026 G・Sバトルコロシアム
惑星テレラのホテルで1泊した次の日――
虹の剣一行はバスである場所へと向かっていた。
G・S同士が観客の前で戦い、雌雄を決する円形闘技場"G・Sバトルコロシアム"の会場だ。
バスに乗って移動すること30分、視界に巨大なドーム状の建物が入って来た。
俺が元の世界で見た野球場のドームや、Eスポーツ世界大会が行われた競技場の3倍はあろうかという大きさである。
バスから降りて会場へと向かうと、多くの人達がドームに集まっている。
どうやらこの世界ではメジャーな競技であるとこが窺い知れた。
虹の剣一行はチケットを買って会場の観客席へと入って行く、会場内は数多くの観客達の熱気に溢れており、中には家族連れも見られる。
観客席を覆う分厚い防弾と思われるガラスを挟んで、内部には大きな硬い土で出来た平地があり、そこでG・Sが戦うのだろう。

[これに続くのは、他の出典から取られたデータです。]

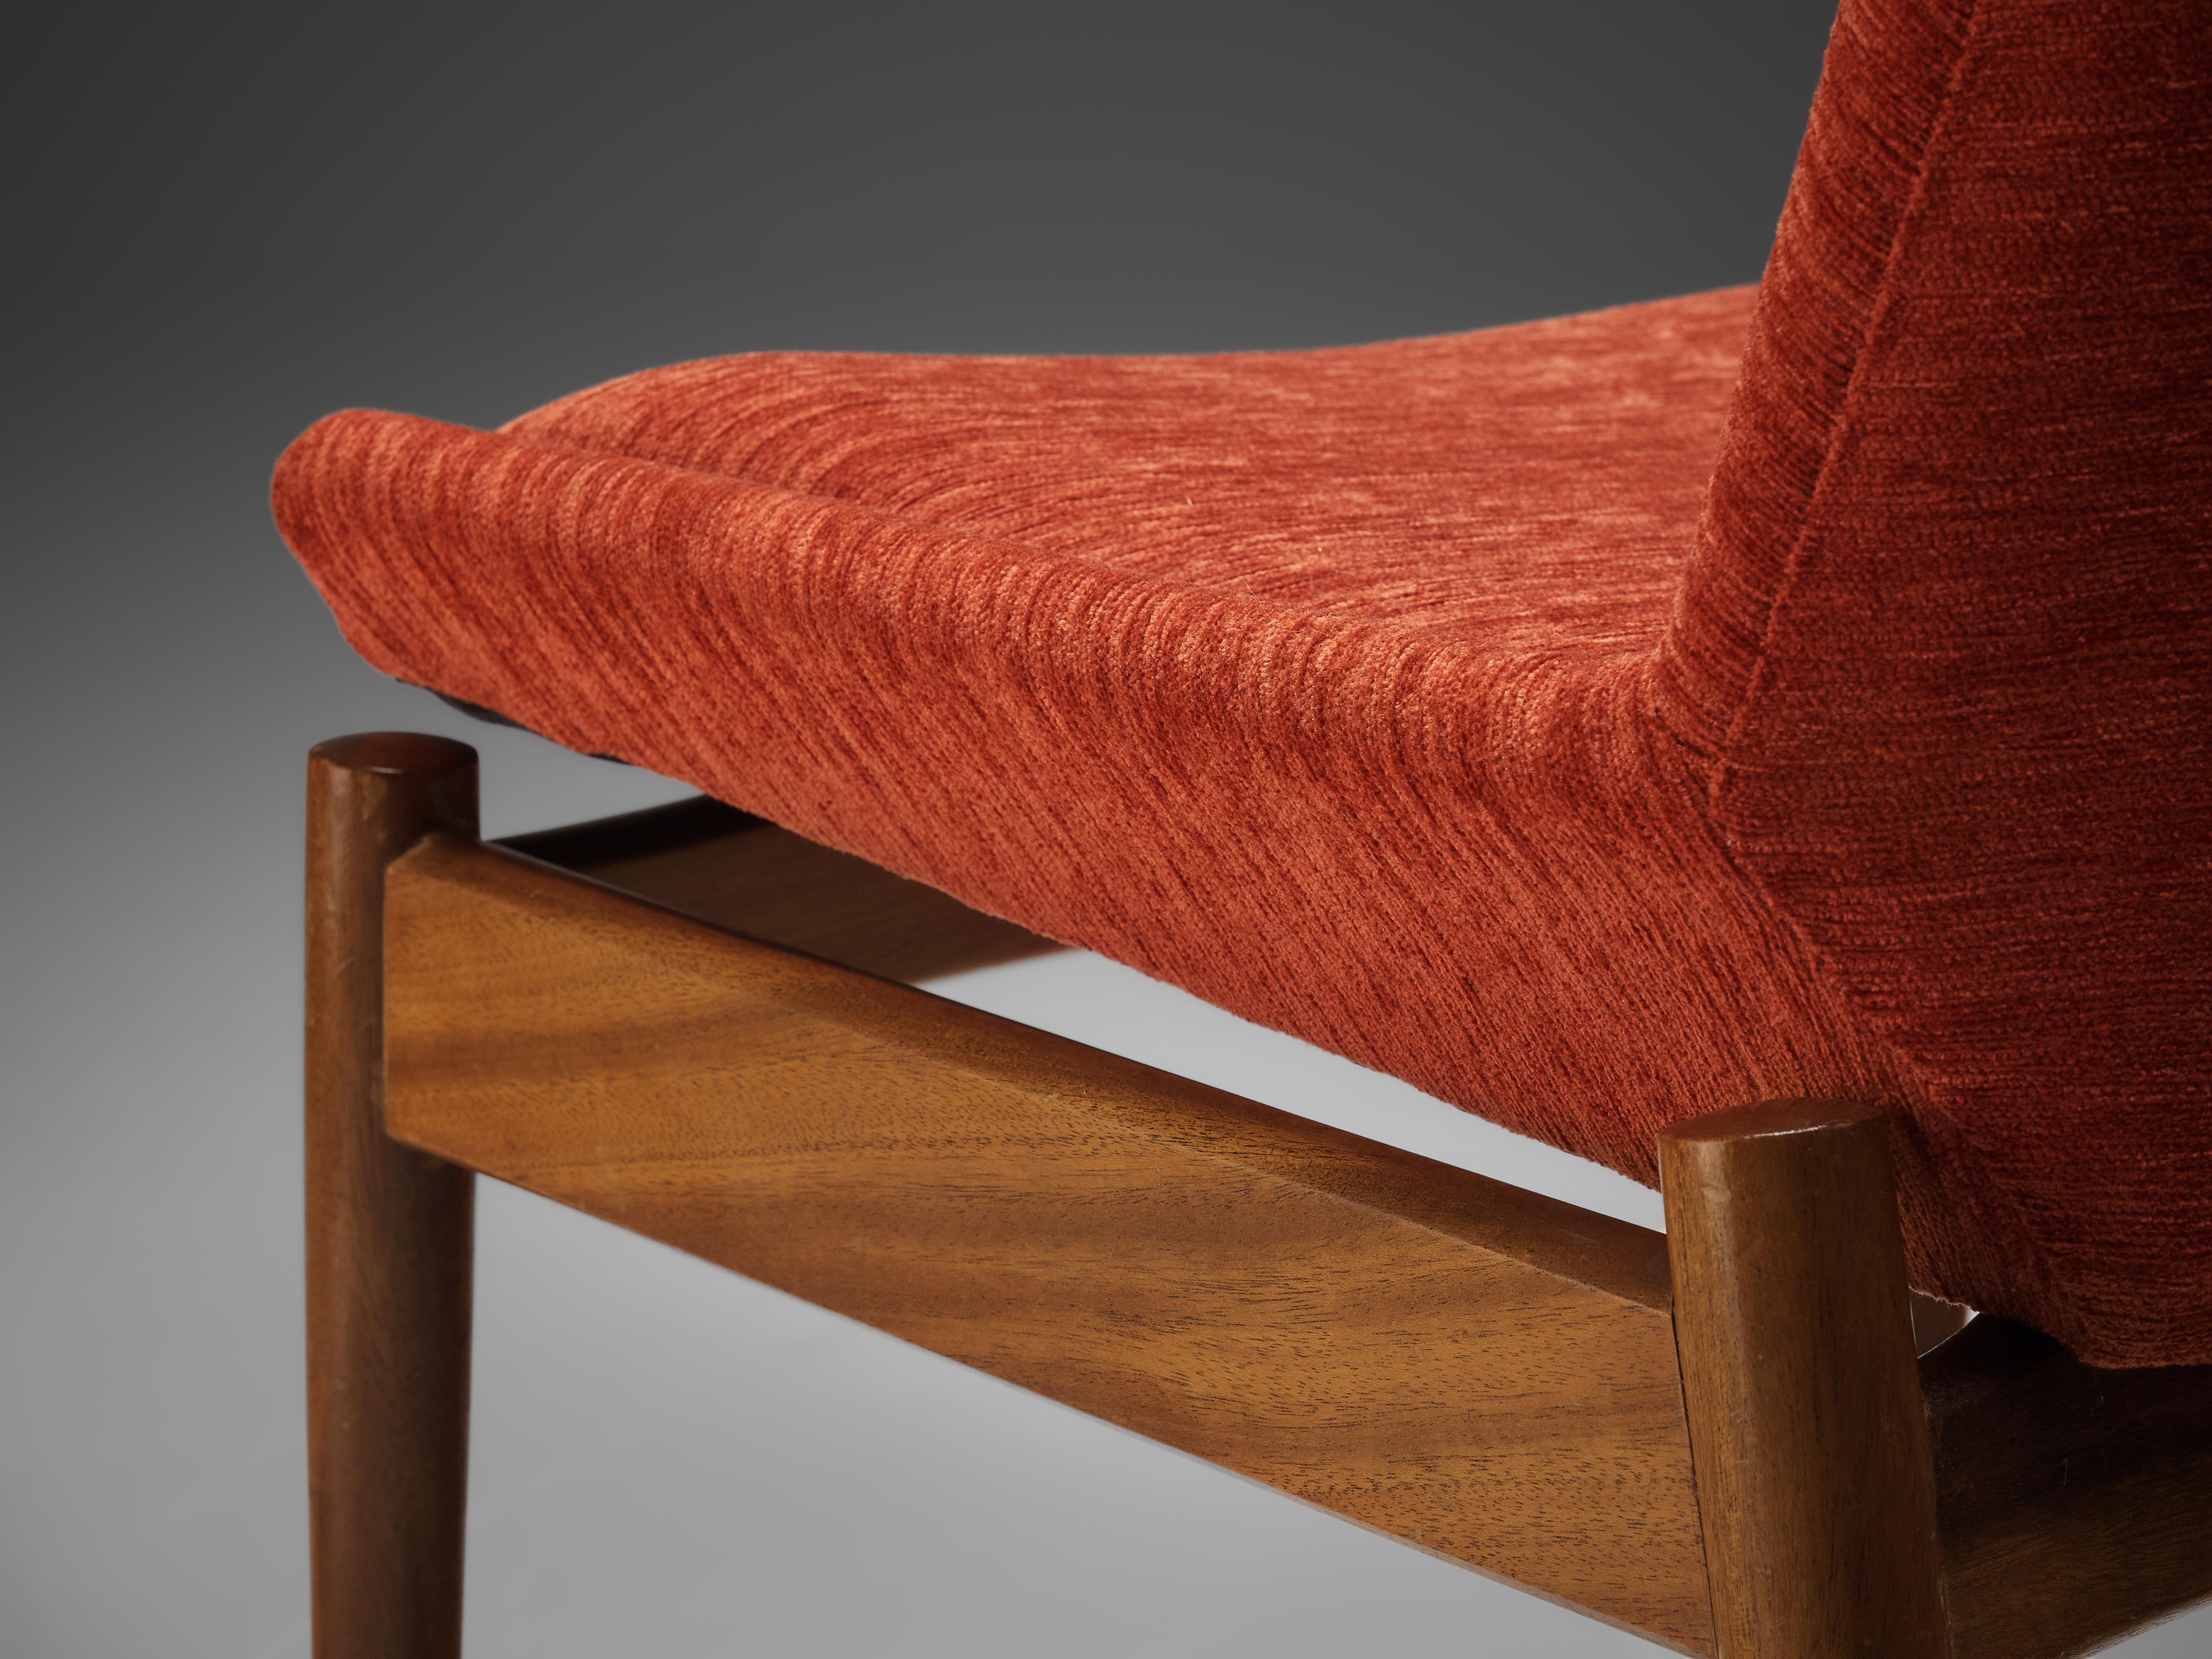 Mid-20th Century Scandinavian Dining Chairs in Teak and Red/Orange Cord Upholstery

だがいくら防弾ガラスとは言え、この程度のガラスではビームピストルでもぶち抜けそうだが……大丈夫なんだろうか?
「今日はエキシビジョンマッチらしいわね!本大会でも無いのにこんなに人が集まるなんて……相当みんな暇なのね!」
見に来ているお客さんに失礼な事を言う団長を無視してG・Sのコロシアムとはどんなものか見ることにするか……。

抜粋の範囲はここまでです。